It is wiffhs a heavy heavy heart dat I tell yu my dear fwiends ob our loss....
My sweet sissy Pickie cwossed ober tu Rainbow Bridge on 11/14/15 at da Vets office
Me and my Mom misses hur so terribly much it hurts inside and I don't know ifen dis will eber goes away....dey say wiffhs time it du but how much time? Me and my Mom fhinks a lot ob time......
My sissy was my big sissy and when I was a puppy and came tu libes wiffh hur Mom Papa and Mr Kitty she pwotected me frum da mean fhings....I didn't know whu dis big dog was at furst den my Mom eggsplained tu me dat dis big dog was my sissy Pickie and she's here tu pwotect yu watch out ober yu and teach yu fhings
As I grew up intu a young lady my sissy was getten older and slowen down a lot...it was now my time tu pwotect hur watch ober hur and luvs hur wiffhs all ob my heart.....
Towards da end ob hur life when she turned 19 she culdn't getted up on da bed or up on da sofa she layed, (very happily) on hur BB hur pillow and she slept a lot all day and all nite until we wents tu bed wiffhs our Mom.....
I luvs my sissy very very much and me and my Mom will miss hur terribly...my Mom sayed "A piece ob me is gone...a piece ob my heart is gone wiffhs da loss ob my sweet sweet Pickie."
I was vewy upset when my sissy COTRB on Saturday last weekend and I wuldn't eat at all I just missed sissy so vewy vewy much I guesses it was nerves, (whuteber dey are)....
My Mom became very concerned bouts me and knowed I was vewy sad cuz sissy wents away...she picked me up in her arms and talked tu me softly and sayed..."Oh my lil Frisbee I know yu are missen yur sissy so vewy vewy much I am tuu but yu see yur sissy was called by God tu go up tu Rainbow Bridge and be's wiffhs him and ovar fur pals dere likes Bonnie da Westie and our horse Lil Joe...don'ts feel sad lil Frisbee cuz Rainbow Bridge is a bootiful safe place fur yur sissy tu waits fur us tu we unite once again Rainbow Bridge has bootiful wolling meadows bootiful babbling brooks bootiful mountains bootiful flowers bootiful waterfalls and bootiful Rainbows dere so yu see it's a bootiful place and she waits dere fur us playen likes a young puppy again in hur new body...no more pain...no more aches...no more health pwoblems none she's in a bootiful new body twuly she is sweetheart so don't feel sad...Don't feel sad my lil Frisbee cauze yur sissy will always be wiffhs us all awound us ebery day and ebery nite...all yu gotted tu du is listen vewy cawefully look vewy cawefully and listen vew cawefully and yu will see da signs dat's she is wiffhs yu...by yur side ebery day....layen wiffhs hur head nexts tu yurs on yur pillow at nite...she'll always be here wiffhs us lil Frisbee always I pwomise...Just this side ob heaven is a place dis place we call Rainbow Bridge sweetheart just wemember dis and yu will be otay I pwomise it's twue..Sissy will fureber be in our hearts and fhoughts lil Frisbee fureber and eva I pwomise dis tuu...so don't be sad lil Frisbee fur yur sissy is otay and we will be otay tu it may take a lot ob time but we will be otay I pwomise sweetheart I twuly pwomise dis tu yu..."

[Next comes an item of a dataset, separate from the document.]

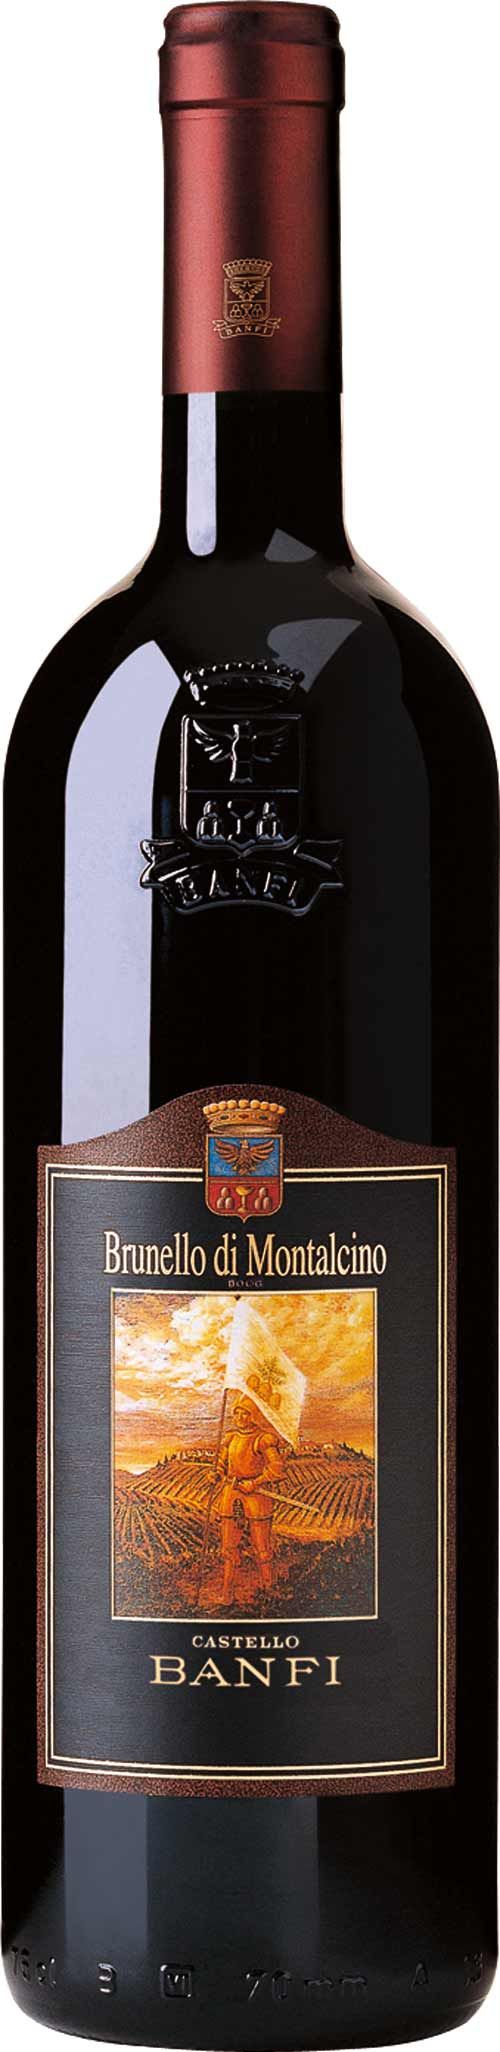 Banfi Brunello di Montalcino 2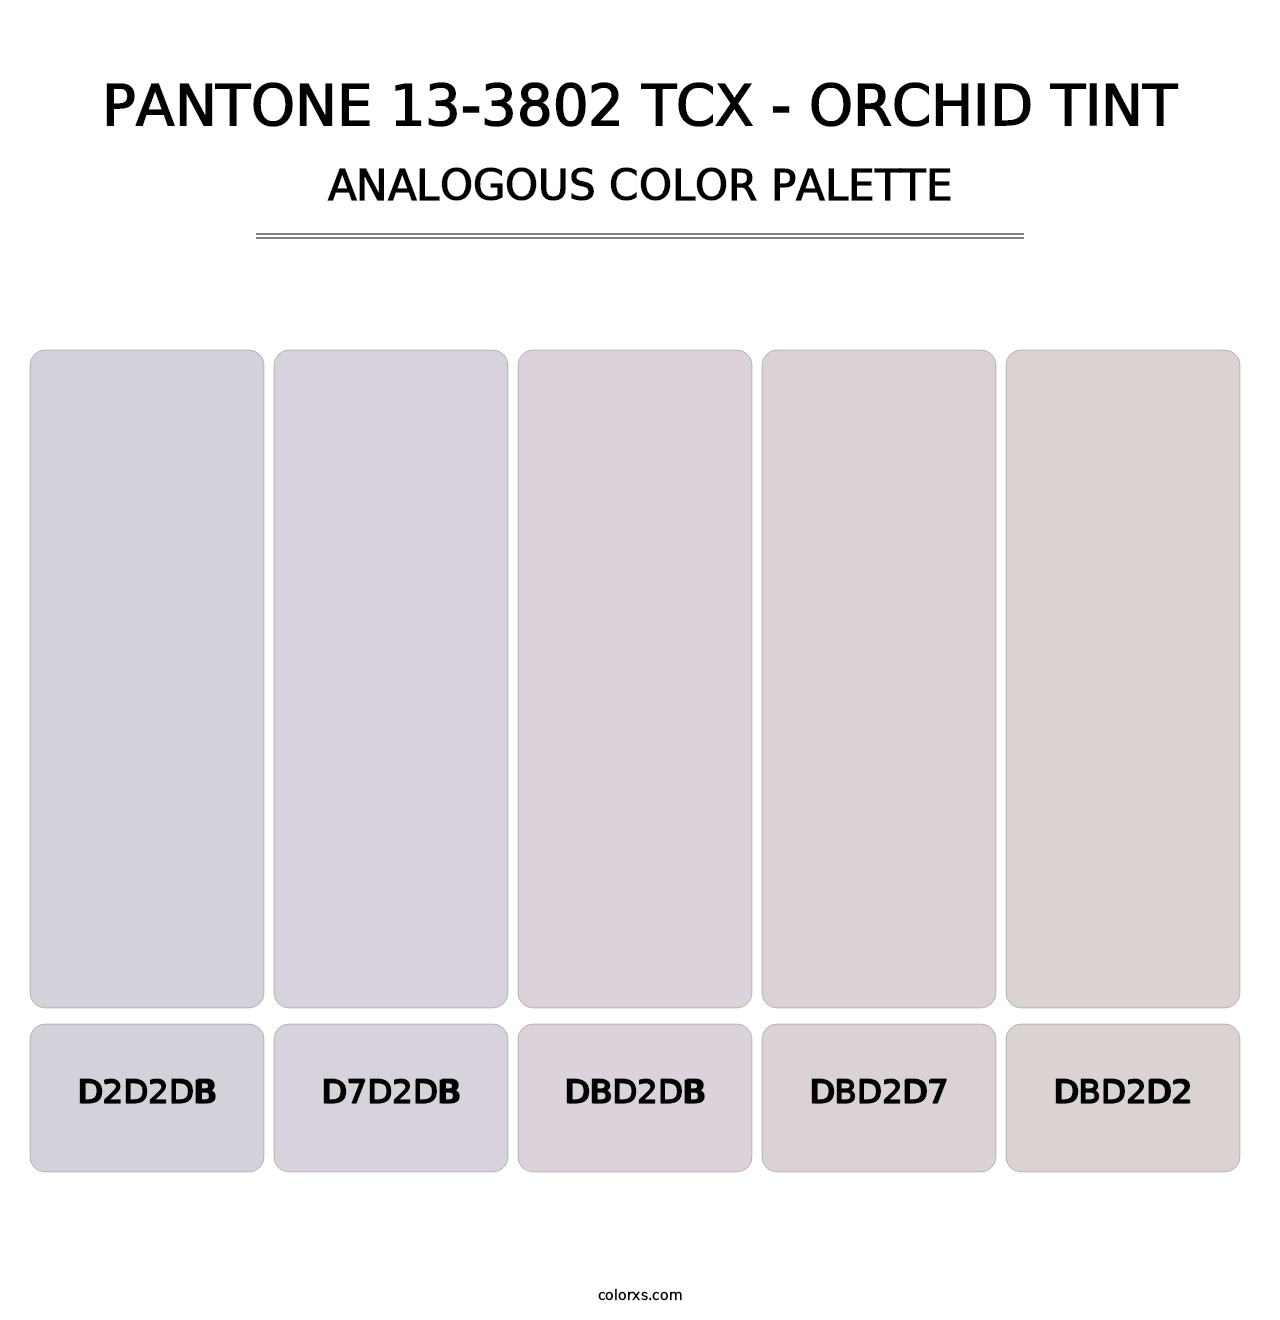 PANTONE 13-3802 TCX - Orchid Tint - Analogous Color Palette

Den my Mom kissed my cheek and rubbed my head and sat me down on da gwound.....
I will neber furget yu sissy Mom won't eithur...
We luvs yu vewy vewy much..yu not here physically wiffhs us but yur spirit will always be awounds us each and ebery day...and we habes lots ob special memories ob yu tu sissy....
I won't say gudbye I'll just say..."Until we meets agains sissy Pickie at da bootiful safe place called Rainbow Bridge and whut a glorious day dat will be when we once more will embrace and yu and I will wun likes da wind tugether again fureber and eva and eva....
Frum yur sissy Frisbee and Mom...nitey nite sweetheart....
In memory ob my sissy Pickie whut COBRB 11/14/15 at da age ob 19 RIP sweet sweet sissy Pickie
Gone but not furgotten....
I's so sad for ya. Sendin ya big hugs.